Figure 9: Object bounding boxes volume statistics.

Object density averages 1.296 objects/m², with significant variation across regions.

Figure 10: Distribution of object density (number of objects per m²) across different regions.

Joint region-object statistics show strong correlation between object types and region functions.

Figure 11: Distribution of 100 object categories conditioned on 15 different types.

Containment/support relationships average 3.45 per object, increasing to 5.57 for supporting/containing objects, indicating high structural complexity.

Benchmark Applications

Scene Layout Generation

InternScenes enables rigorous benchmarking for interior scene generation. Experiments use both full and simplified versions (with/without small objects) across three region types (Resting, Living, Dining). Baselines include ATISS, DiffuScene, and PhyScene, evaluated on FID, KID, SCA, and CKL metrics.

Results show that all baselines perform well on simplified scenes but exhibit significant performance degradation on the full dataset, especially in handling small objects and complex layouts. PhyScene demonstrates relative robustness due to physics-based guidance, outperforming others in physically plausible scene synthesis.

Key finding: Current state-of-the-art generative models are insufficient for realistic, cluttered scene generation, highlighting the need for new paradigms capable of modeling high-density, multi-object distributions.

Figure 12: Examples of regions generated by baseline models trained on a simplified version of the InternScenes dataset.

Figure 13: Examples of regions generated by baseline models trained on the full version of the InternScenes dataset.

InternScenes supports physically and visually realistic navigation benchmarks using IsaacSim and the ClearPath Dingo robot. Baselines include DD-PPO (RL-based), NavDP (diffusion-based imitation learning), and NavDP-FT (fine-tuned on InternScenes). Metrics are Success Rate and SPL.

Results indicate low generalization for DD-PPO in continuous, cluttered environments (Success Rate: 23.6% Real2Sim, 45.0% Gen). NavDP achieves moderate success (48.3% Real2Sim, 61.9% Gen), with slight improvement after fine-tuning (51.0% Real2Sim, 63.6% Gen). The diversity and complexity of InternScenes benefit policy generalization, but scaling model capacity remains an open challenge.
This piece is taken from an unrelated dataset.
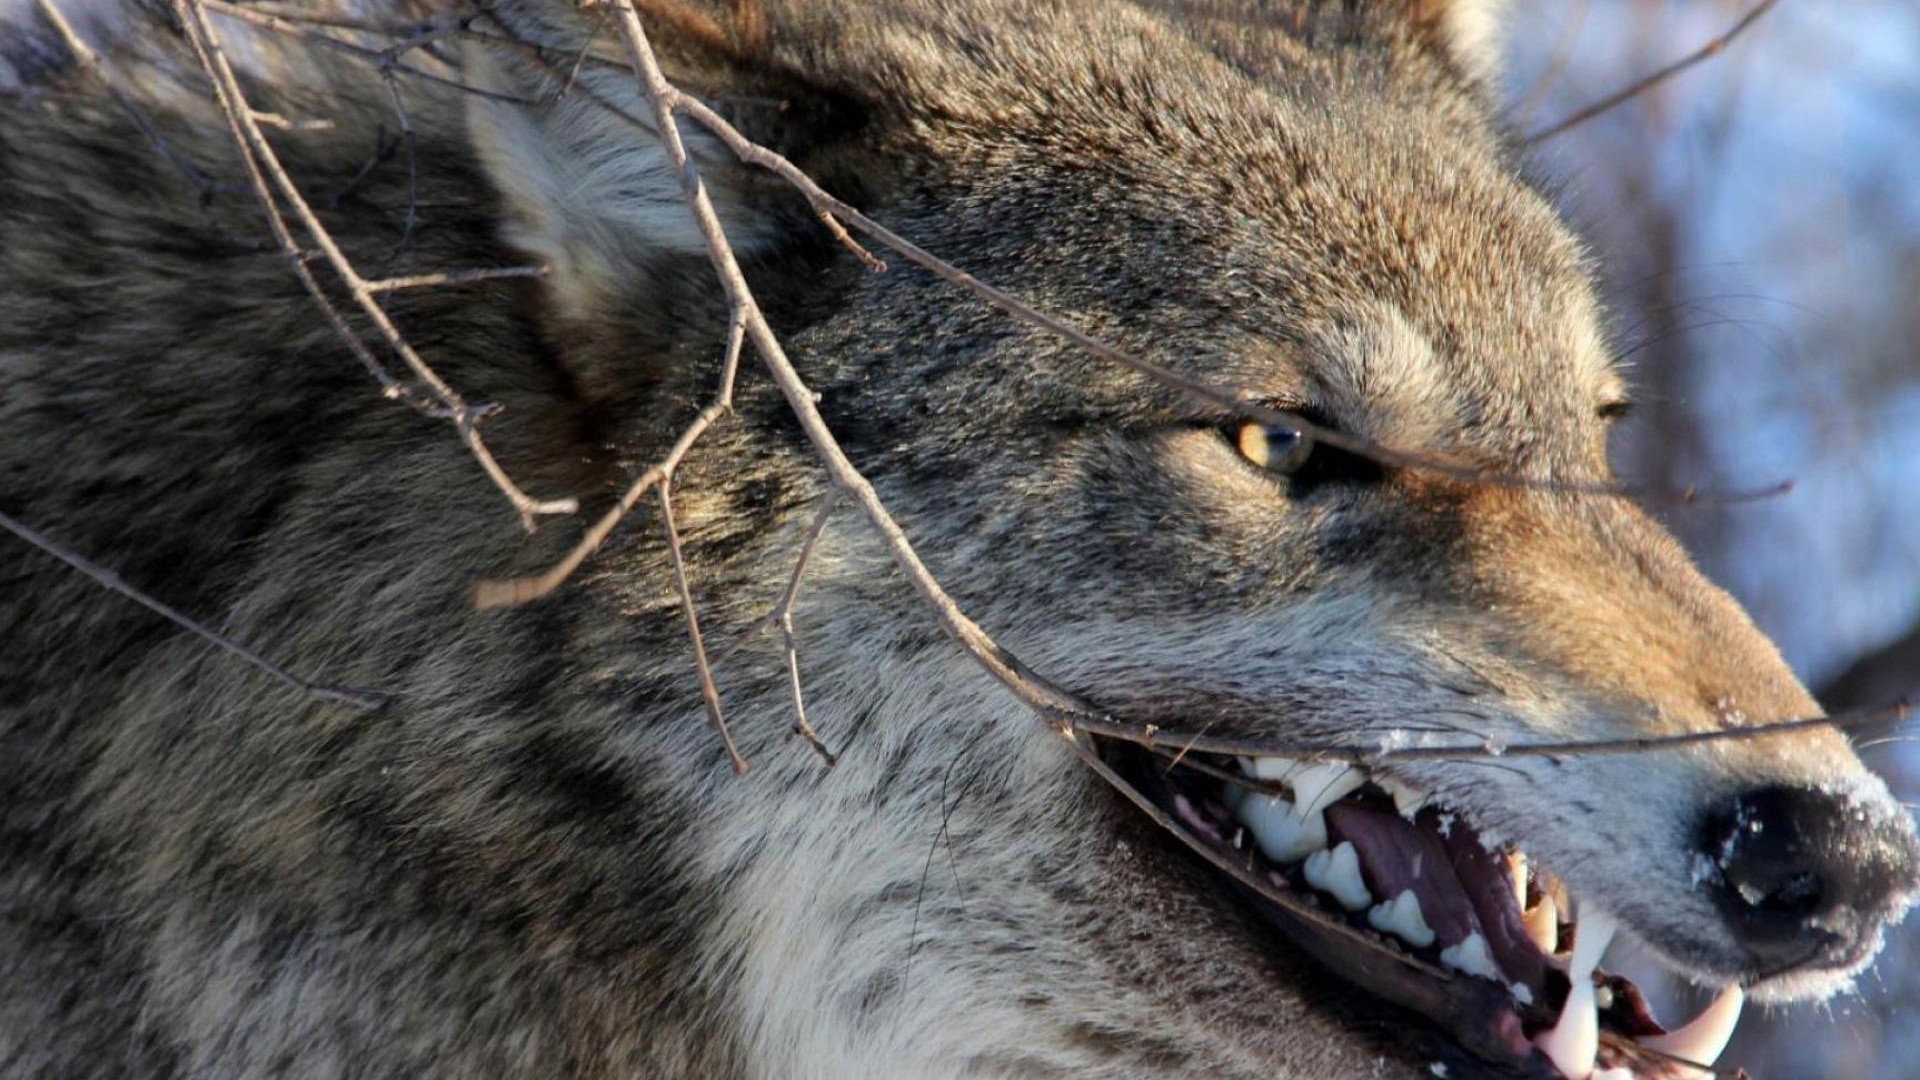 1920x1080 ... animals angry wolves 1600x1168 wallpaper High Quality Wallpapers .

Figure 14: Scenes for the navigation evaluation.

Key challenges identified:

Cluttered layouts require advanced path planning and collision recovery.
Narrow pathways demand embodiment-aware navigation.
Tiny obstacles (e.g., chair legs) challenge spatial perception and safe planning.
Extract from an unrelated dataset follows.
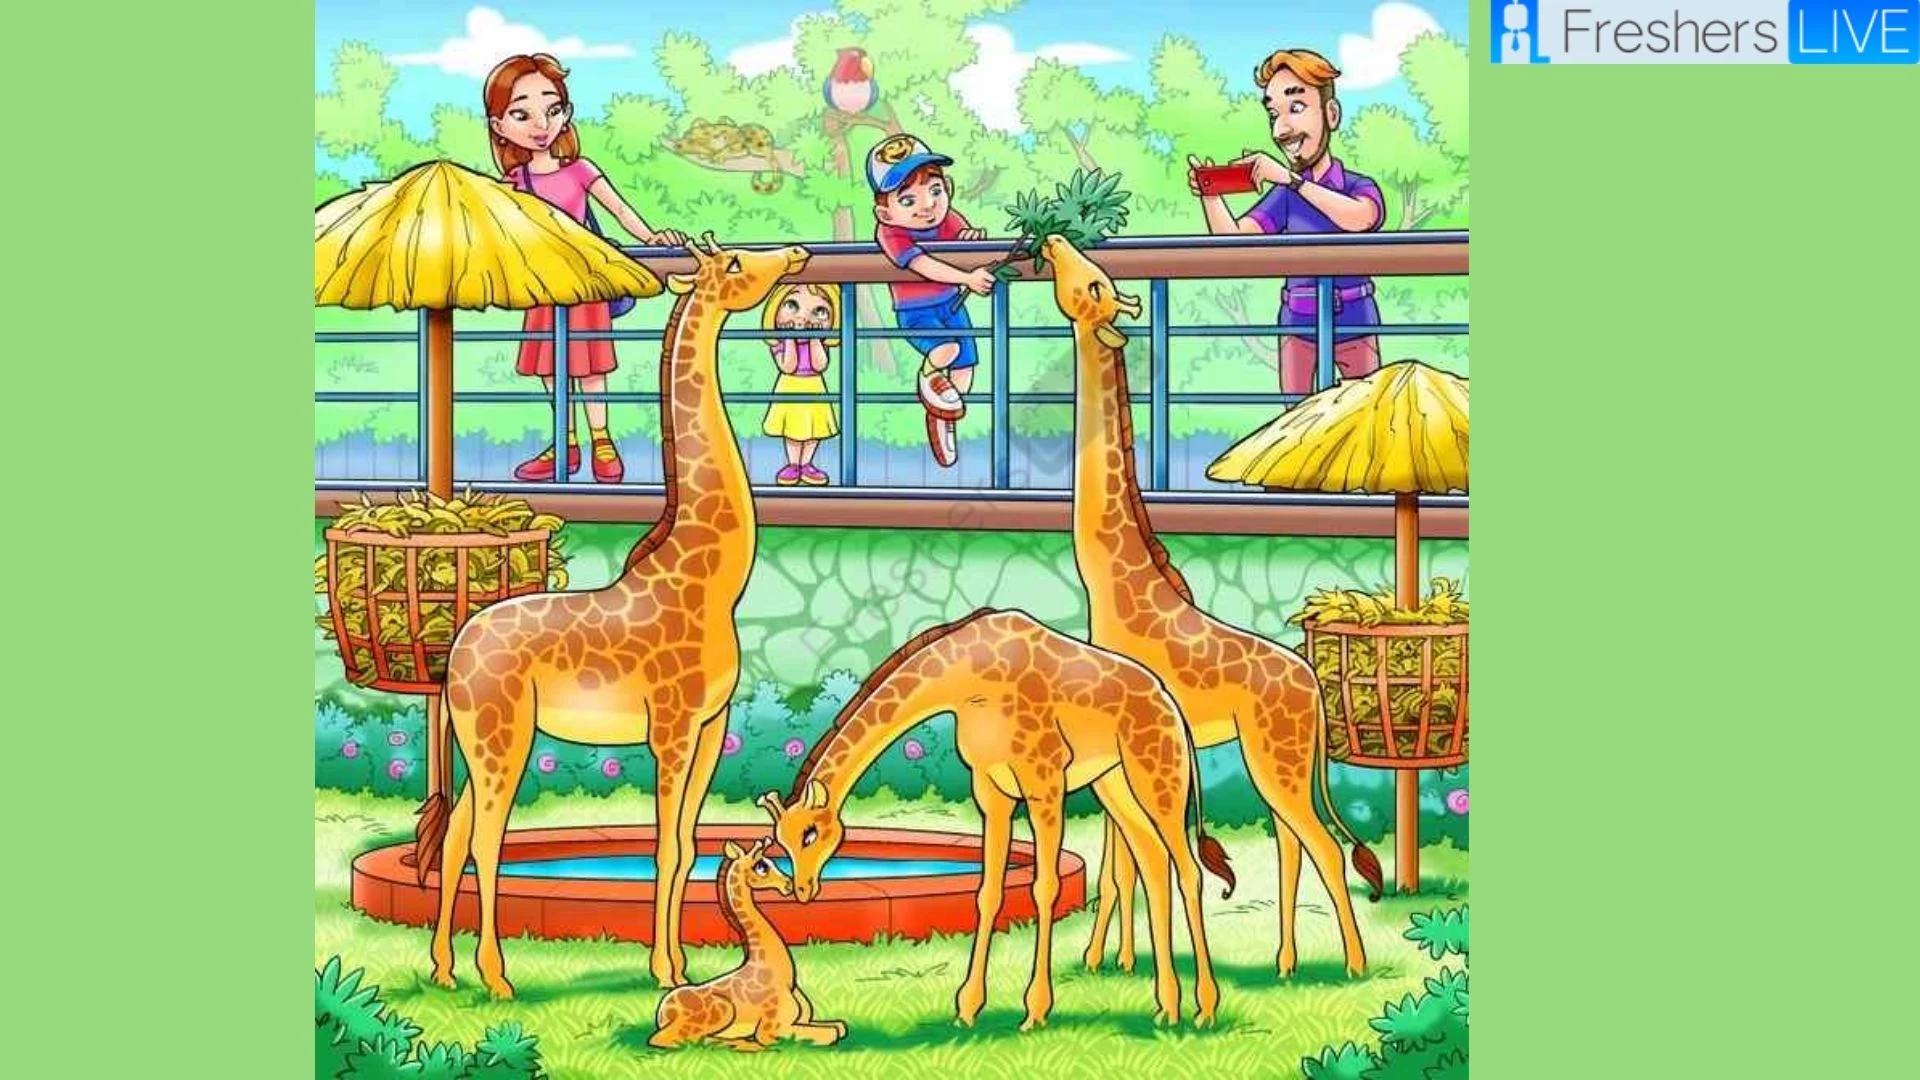 Only 5% Can Spot a Monkey Hidden Inside the Zoo Picture in less than 6 secs!

Implications and Future Directions

InternScenes establishes a new standard for large-scale, realistic, and simulatable indoor scene datasets. Its integration of multi-source data, preservation of small items, and physics-aware optimization enable robust benchmarking for both generative scene synthesis and embodied navigation. The dataset exposes significant limitations in current models, particularly in handling high-density, complex layouts and sim-to-real transfer.

Practical implications:

Facilitates development and evaluation of next-generation AIGC and embodied AI algorithms.
Supports research in sim-to-real transfer, multi-object reasoning, and interactive scene understanding.
Provides open-source assets, pipelines, and benchmarks for reproducibility and community advancement.

Theoretical implications:

Highlights the need for compositional, context-aware generative models.
Suggests new directions in physics-guided learning and multi-modal scene representation.
Motivates research into scalable annotation and asset generation to further increase diversity.

Conclusion

InternScenes is a comprehensive, large-scale indoor scene dataset that overcomes key limitations of prior resources by integrating real, procedural, and synthetic data, preserving small items, and ensuring physical plausibility. Benchmark results demonstrate that current generative and navigation models struggle with the complexity and realism of InternScenes, underscoring the need for new algorithmic approaches. The dataset, tools, and benchmarks are open-sourced to catalyze progress in embodied AI and AIGC. Future work will focus on automating annotation and expanding asset diversity to further enhance the dataset's utility.